One is Ieso Digital Health, a UK-based company that offers online cognitive behavioral therapy for the National Health Service, utilizing NLP technology to analyze sessions and provide data to physicians. And last October, US-based mental and behavioral health company SonderMind Inc. acquired Qntfy, which builds tools powered by AI and machine learning that analyze online behavioral data to help people find the most appropriate mental health treatment.
“There has definitely been a boom over the past few years in terms of the development of AI solutions for mental health,” Liakata said. “The availability of large fora in the past 10 years where individuals share experiences about mental health-related issues has certainly helped in this respect. The first work that came to my attention and sparked my interest in this domain was a paper in 2011 by the Cincinnati Children’s Hospital. It was about constructing a corpus of suicide notes for use in training machine learning models.”
Yet, as is the case during the early stages of any technology being implemented, there are issues that need to be ironed out.
“One big hurdle is the availability of good quality data, especially data over time,” she continued. “Such datasets are hard to collect and annotate. Another hurdle is the personalization of AI models and transferring across domains. What works well, let’s say, for identifying a low mood for one person may not work as well for other people. And there is also the challenge of moving across different domains and platforms, such as Reddit versus Twitter.

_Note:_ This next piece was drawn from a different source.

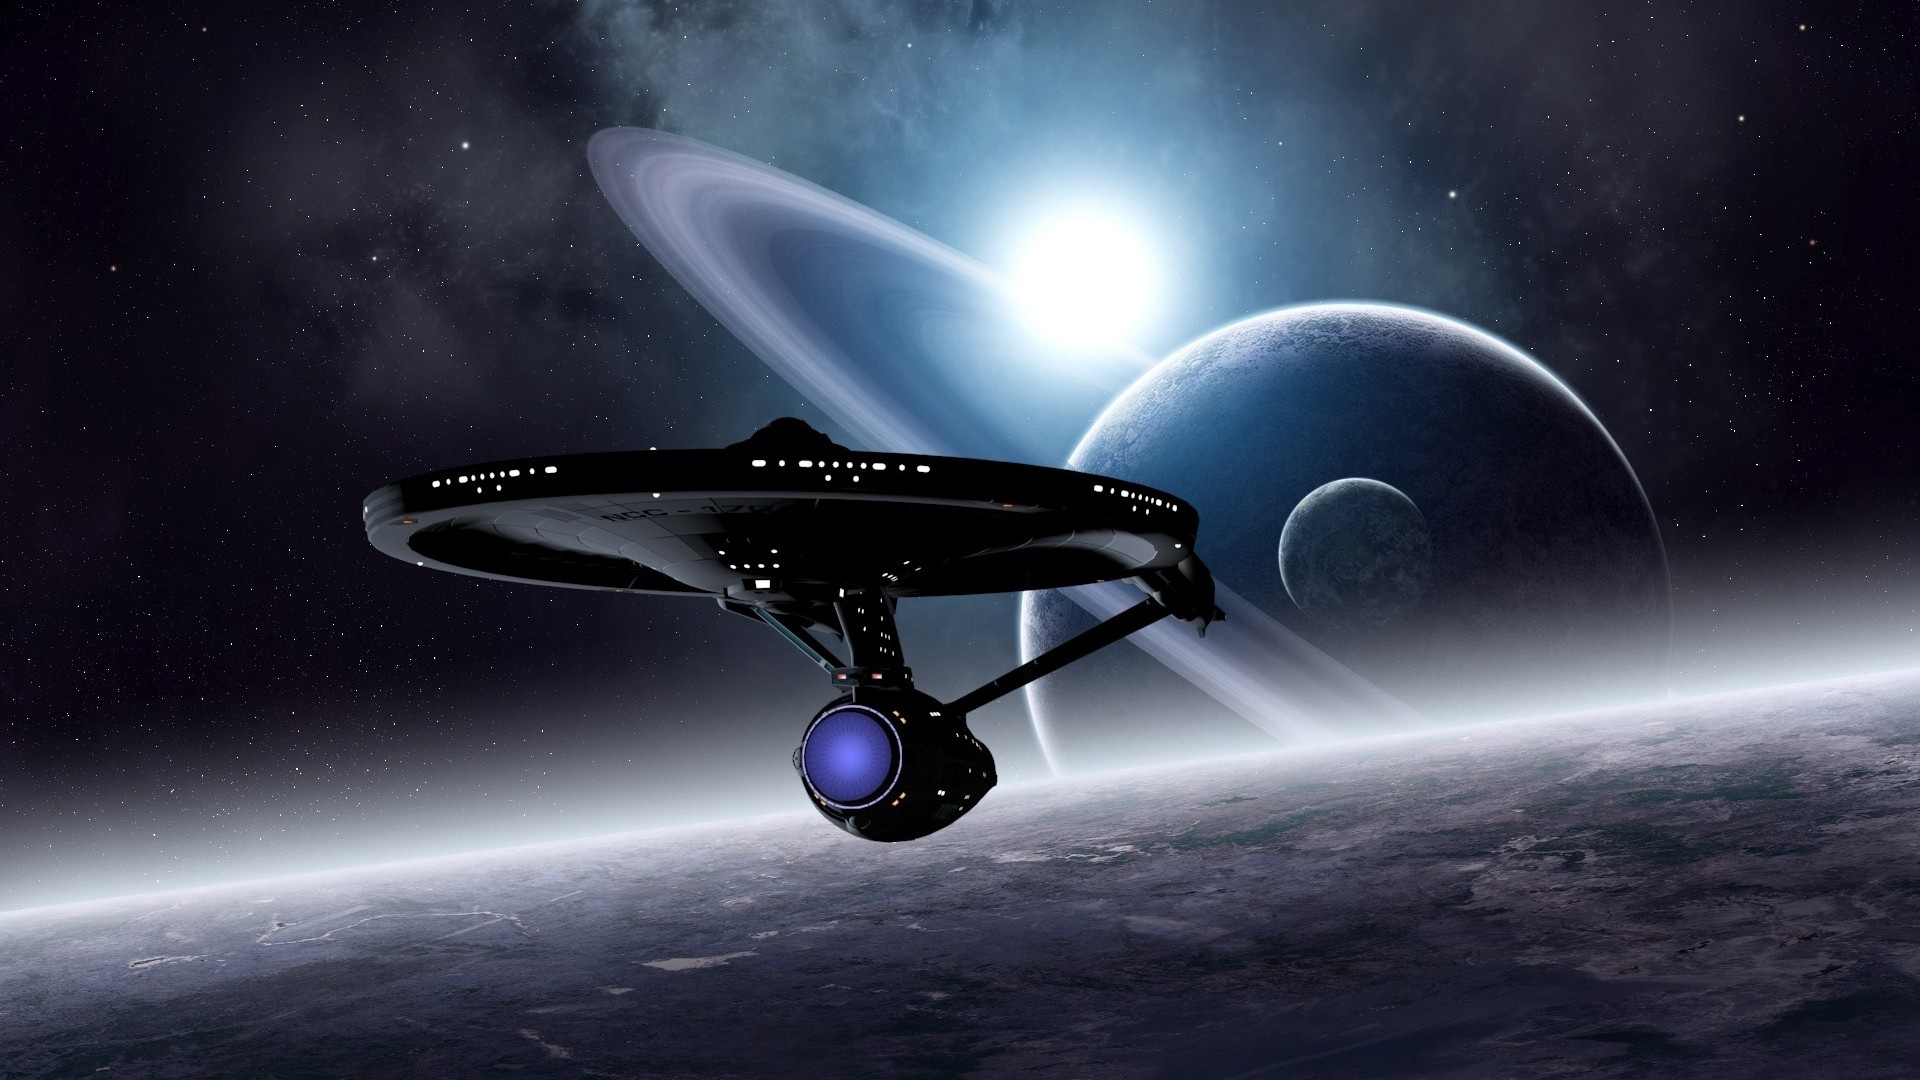 The Universe Space Spaceship Wallpaper - Space Ship In The Universe - HD Wallpaper

“I think there is also some reluctance on the part of clinicians to adopt solutions, and this is why it is very important that AI solutions are created in consultation with clinical experts.”
Over the longer term, however, the outlook is positive, and Liakata anticipates the deployment of AI-based tools to help with the early diagnosis of a range of mental health and neurological conditions, including depression, schizophrenia, and dementia. These tools would also be able to justify and provide evidence for their diagnosis, she suggested.
To Assist, Not Replace
Elsewhere, AI tools will be deployed to monitor the progression of mental health conditions, summarize these with appropriate evidence, and suggest interventions likely to be of benefit. These would be used by both individuals, to self-manage their conditions, and clinicians.

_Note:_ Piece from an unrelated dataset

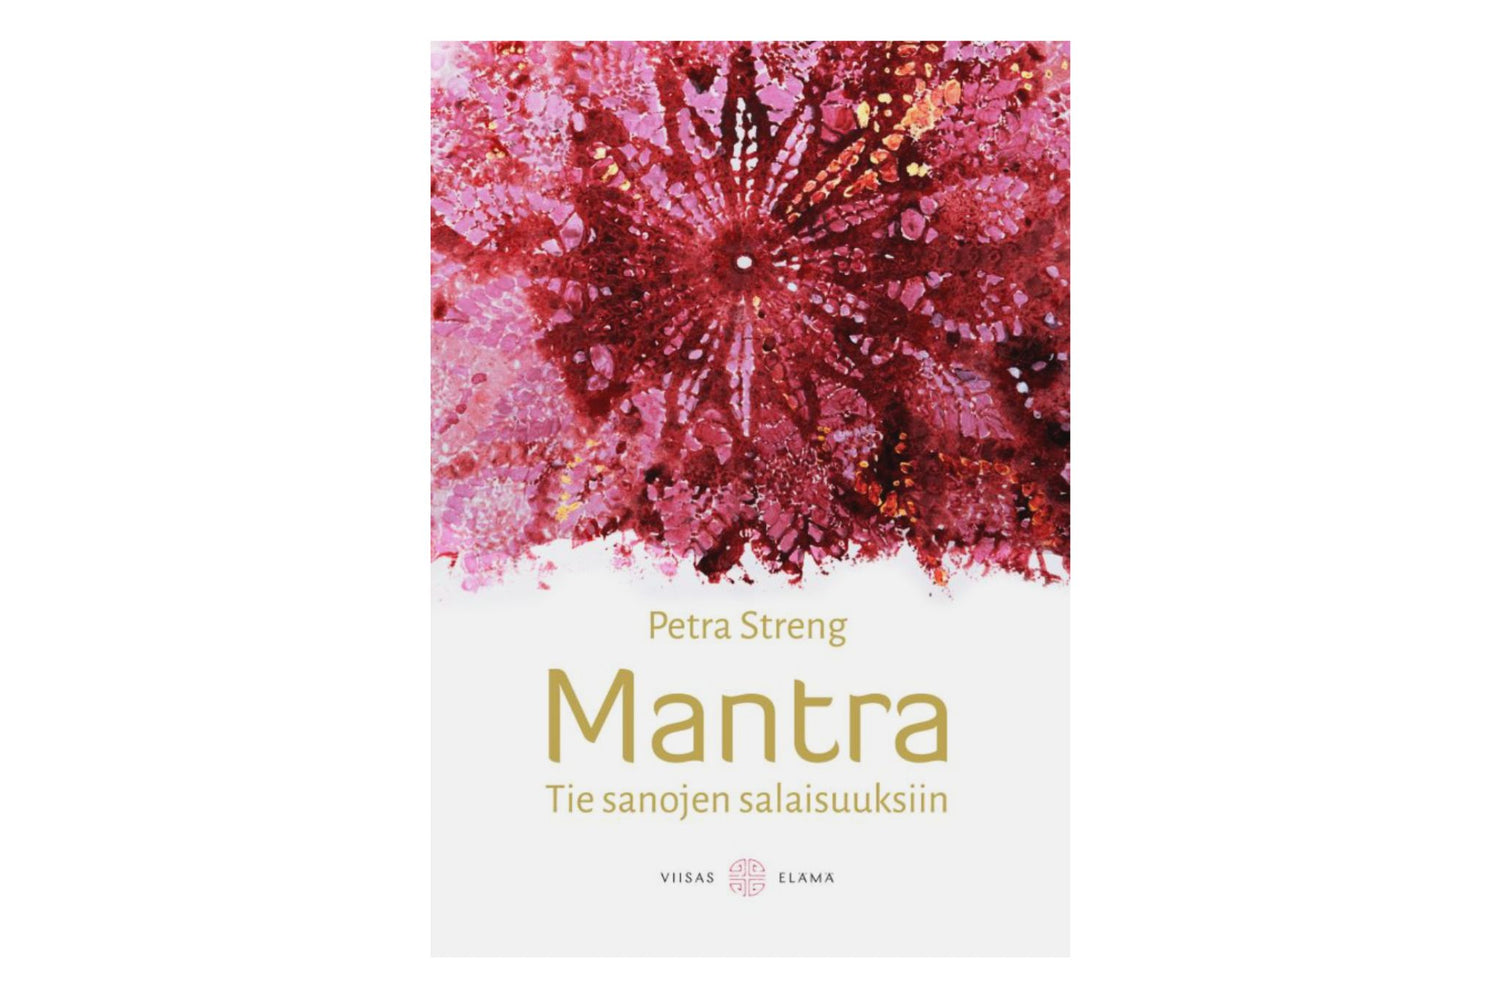 Mantra - a way to the secrets of words

Despite all the potential positives, Skorji emphasizes that AI needs to be applied in conjunction with in-person treatment for mental health complaints, rather than as a replacement.
“The biggest problem we are seeing around the world at the moment is loneliness,” she said. “Technology is useful, but it does not give people access to people. How we deal with problems, what the causes of our stress are, how can we have healthy relationships with other people—we are not going to get that from AI. We need to be there as well.”